What else? Help us to continue the conversation . . .
3 Comments
So important. Another aspect of power is influence, and it is the form of power that is most salient in networks. I have seen people of good will try to make things more equal by developing structures that can constrain the power of influencers, and they inadvertently stifle an essential currency in a network.
Networks concerned with justice need to have enough of an analysis of structural oppression and cultural conditioning to actively bring in those individiduals that tend to be excluded, but this bringing in is more than having them show up to a meeting, it is about building strong enough relationships that you are actually influenced by those who had been previously excluded.

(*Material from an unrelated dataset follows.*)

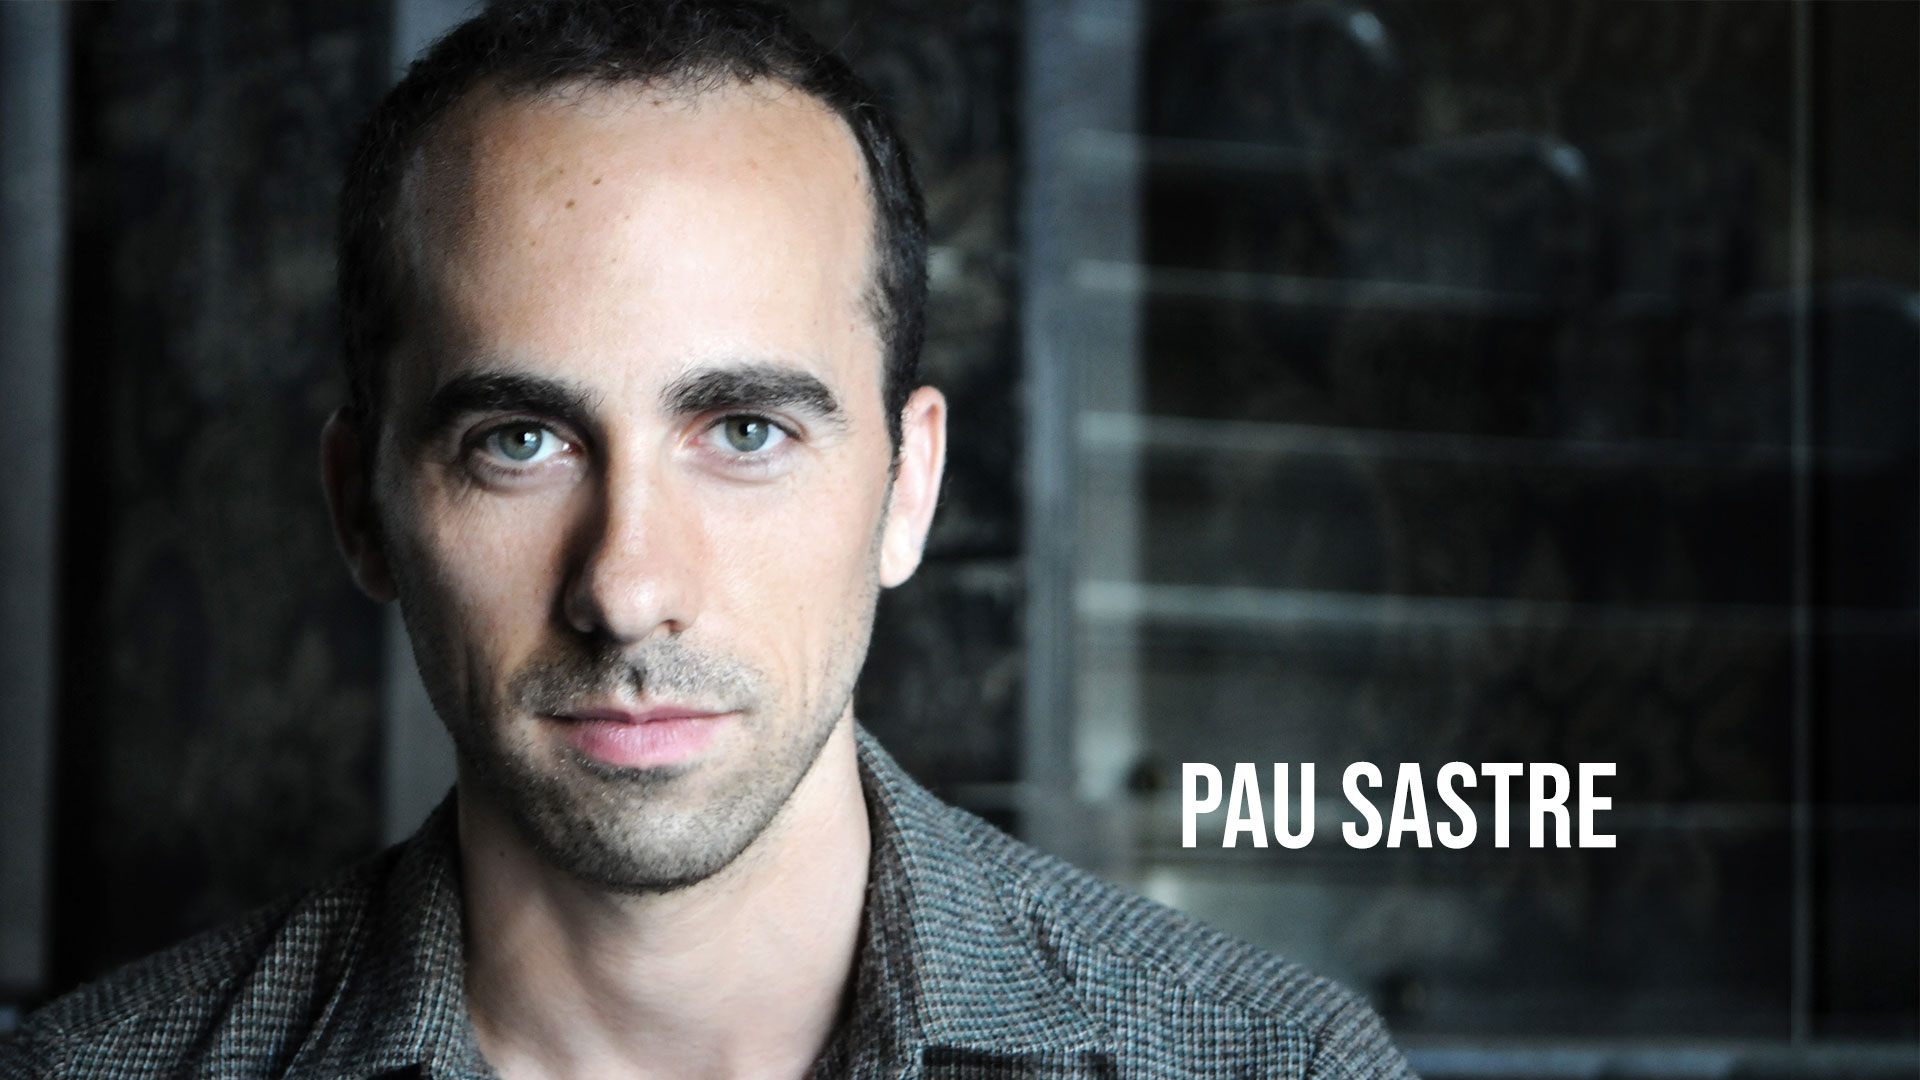 Pau Sastre - Actor

Great points, Gibran. What I hear in your second paragraph is that we need to move beyond inclusion to creating equitable opportunities to shape shared destiny.
This is very interesting, this thinking about generative
power. Also, the reference to Mary Parker Follett is unexpected and very much in
place. What I miss however is the model of generative power. Follett was quite
near to that, but could not finish the job about calculating the effects of
interaction. We are still in need for a new calculus, to calculate the effects
of interaction being potential nonlinear effects. With this calculus we may
dis-cover the “full generative power of interaction” (Bruner, 1996). The model
of interaction we need is a model with relationships as generative
relationships. It is the interdependent relationship between the quality of
interaction and the quality of relationships involved that may become the
engine for the generative power of interaction. To understand the potential
nonlinear effects, we need to understand the complexity of the generative
mechanisms involved. The unit to study is the cyclical-helical unity of
interaction within reciprocal relationships. The model of this complex unit may
account for the generativity of the human beings involved in the interaction, to
be understood as the potential nonlinear way of being: of being generative
(Senge, 1990). In June, I will present my new model of interaction with
unexpected nonlinear effects at a conference in Uppsala, at the 41-st World
Congress of the International Institute of Sociology (10-11 of June).